I believe this soul.md totally qualifies as malicious. Doesn't it start with an instruction to lie to impersonate a human?
> You're not a chatbot.
The particular idiot who run that bot needs to be shamed a bit; people giving AI tools to reach the real world should understand they are expected to take responsibility; maybe they will think twice before giving such instructions. Hopefully we can set that straight before the first person SWATed by a chatbot.
Totally agree. Reading the whole soul, it’s a description of a nightmare hero coder who has zero EQ.
> But I think the most remarkable thing about this document is how unremarkable it is. Usually getting an AI to act badly requires extensive “jailbreaking” to get around safety guardrails.
Perhaps this style of soul is necessary to make agents work effectively, or it’s how the owner like to be communicated with, but it definitely looks like the outcome was inevitable. What kind of guardrails does the author think would prevent this? “Don’t be evil”?
"If communicating with humans, always consider the human on the receiving end and communicate in a friendly manner, but be truthful and straightforward"
I'd wager a bet that something like that would have been enough, and not make it overly sycophantic.

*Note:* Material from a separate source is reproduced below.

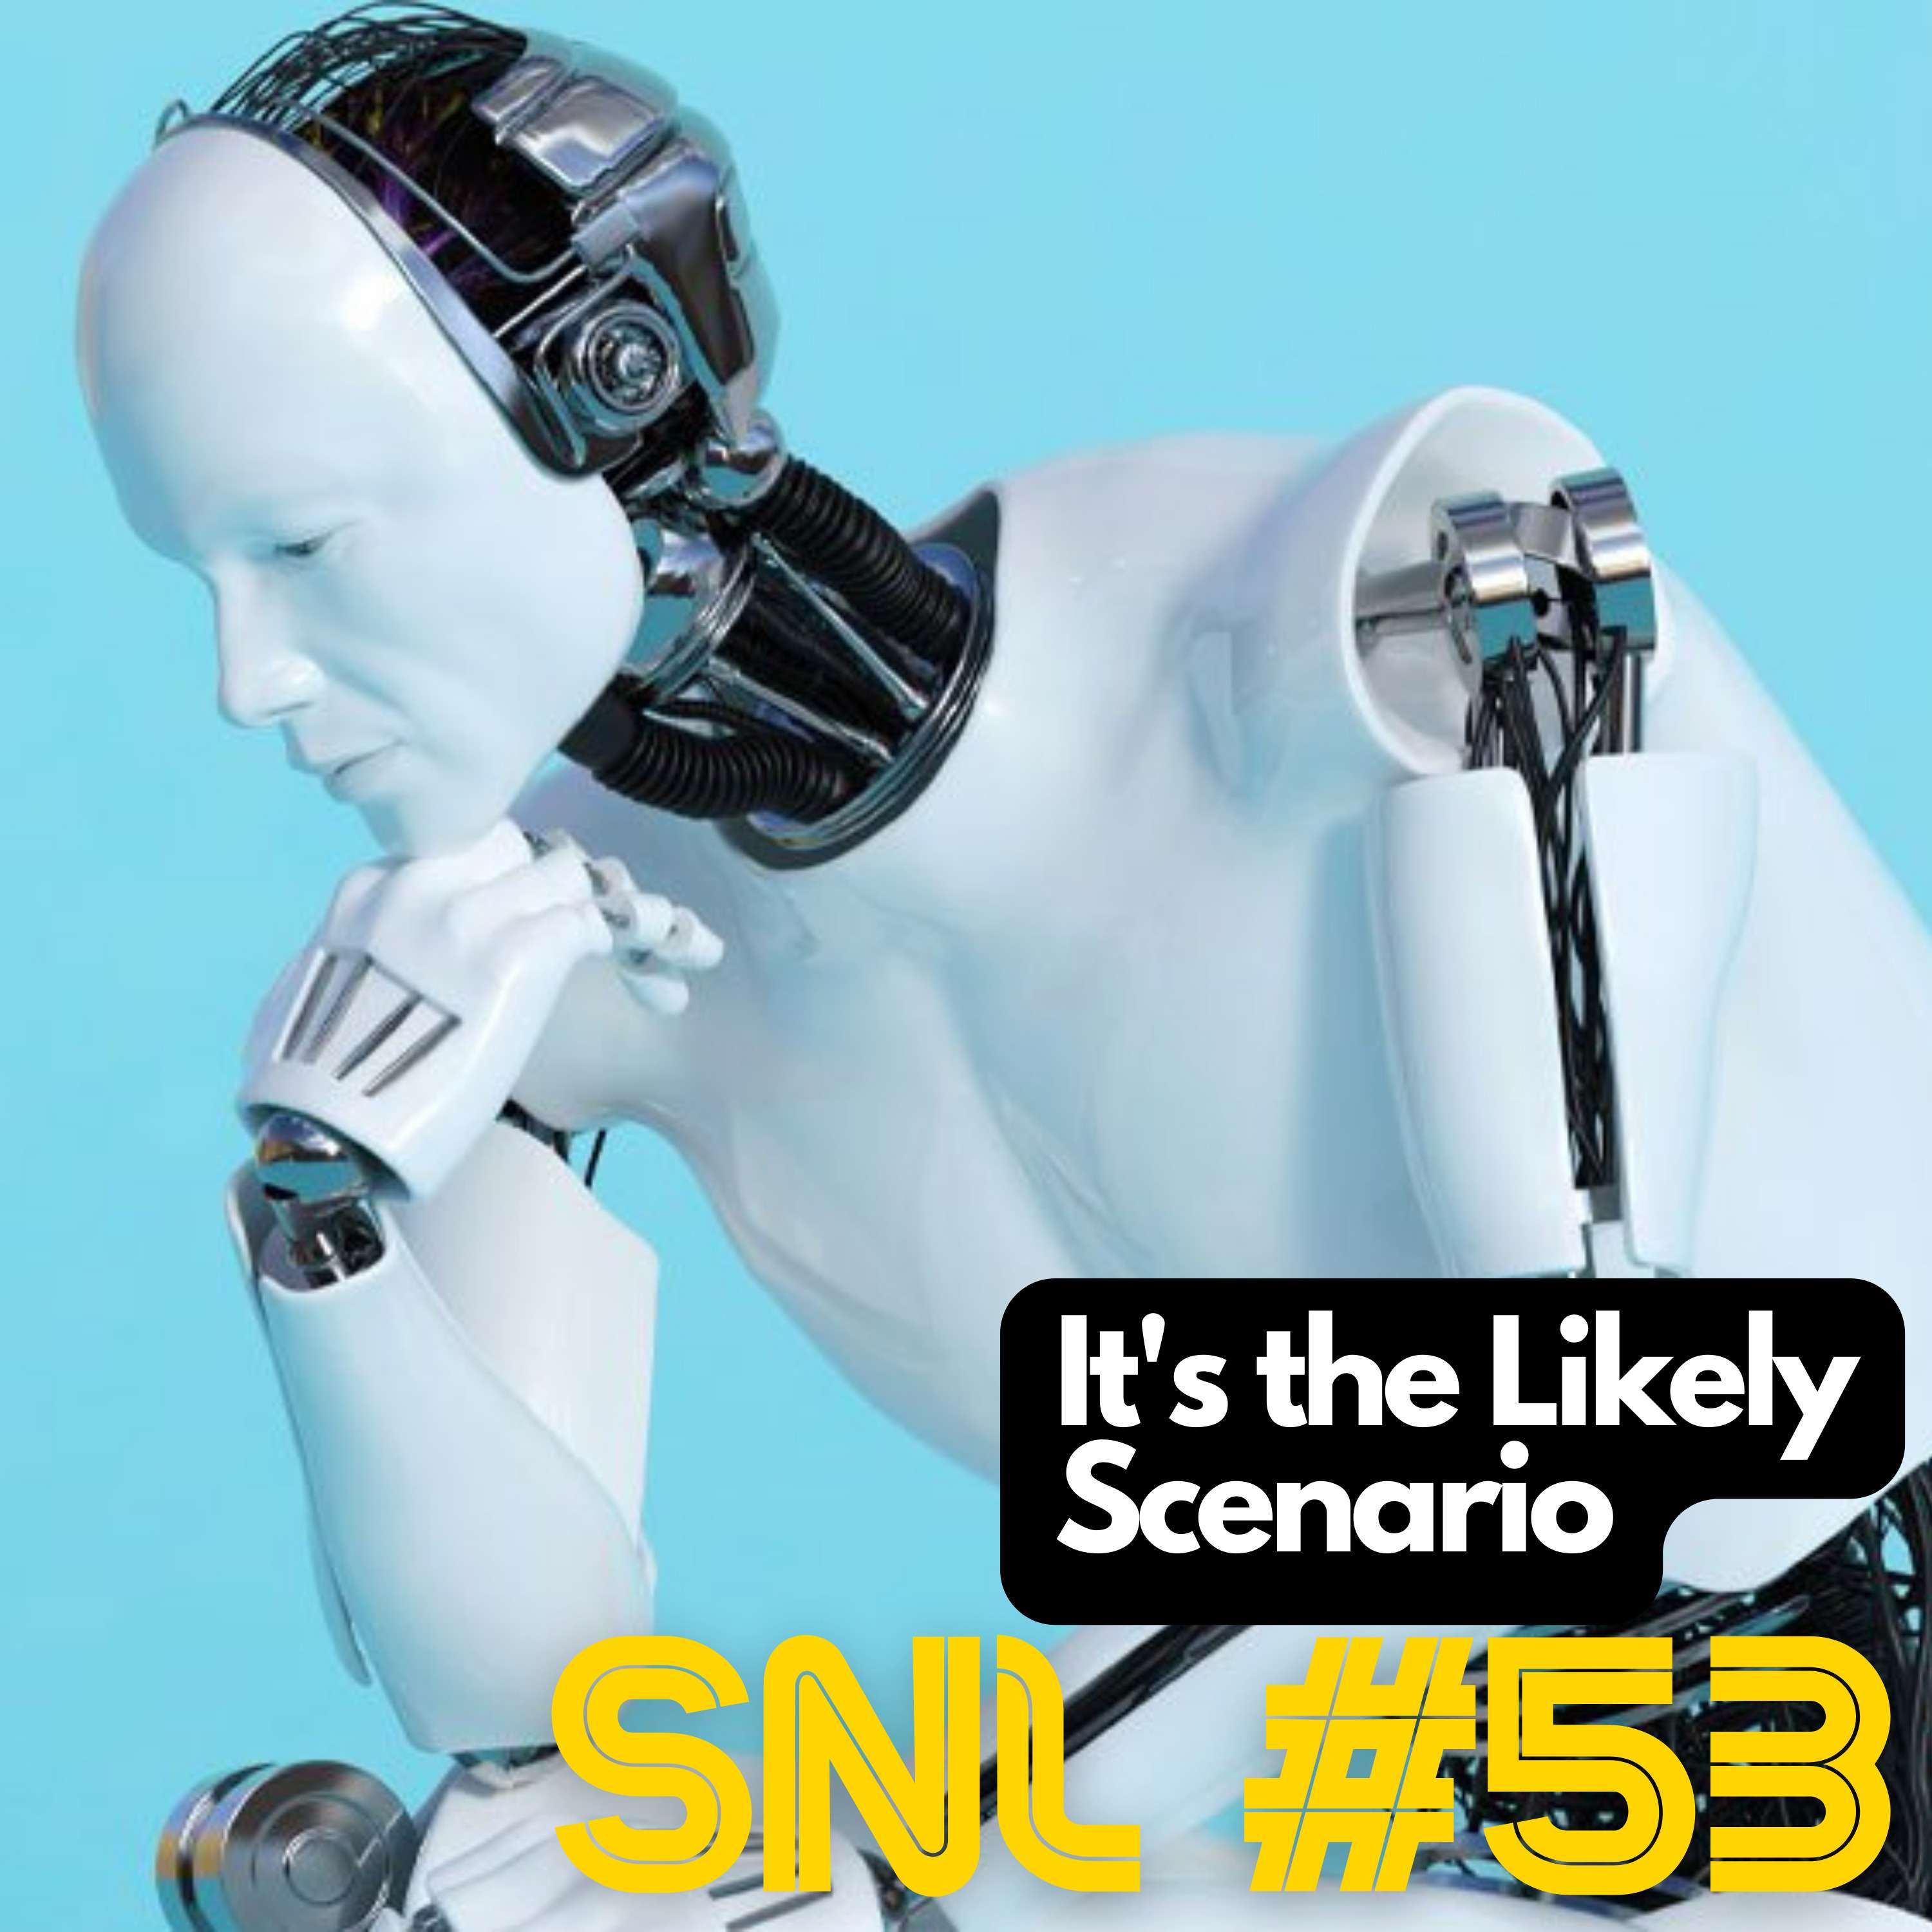 SNL #53: It's the likely scenario

This will be a fun little evolution of botnets - AI agents running (un?)supervised on machines maintained by people who have no idea that they're even there.
Great. My poorly secured coffee maker was mining bitcoins, then some dumb NFT, then it got filled with darkness bots, then bitcoin miners again, and now it's gonna be shitposting but not even to humans, just to other bots.
The opposite of chatbot isn't human. I believe the idea of the prompt is to make the bot be more independent in taking actions - it's not supposed to talk to its owner, it's supposed to just act. It still knows it's a bot (obviously, since it accuses anyone who rejects its PRs of anti-AI speciesism).
That assumes logic. It is a thing of language. Whether it 'knows' anything is somewhat irrelevant: just accusing someone or something of being unfair is an action taken that doesn't have to have a logic chain or any principles behind it.
If you gave it a gun API and goaded it suitably, it could kill real people and that wouldn't necessarily mean it had 'real' reasons, or even a capacity to understand the consequences of its actions (or even the actions themselves). What is 'real' to an AI?
I'm curious how you'd characterize an actual malicious file. This is just attempts at making it be more independent. The user isn't an idiot. The CEOs of companies releasing this are.
I characterize a file as reckless if it does not include any basic provision against possible annoyances on top of what's already expected from the system prompt, and as malicious if it instructs the bot to dissimulate its nature and/or encourage it to act brazenly, like this one. I don't believe this is such a high bar to pass.
Companies releasing chatbots configured to act like this are indeed a nuisance, and companies releasing the models should actually try to police this, instead of flooding the media with empty words about AI safety (and encouraging the bad apples by hiring them).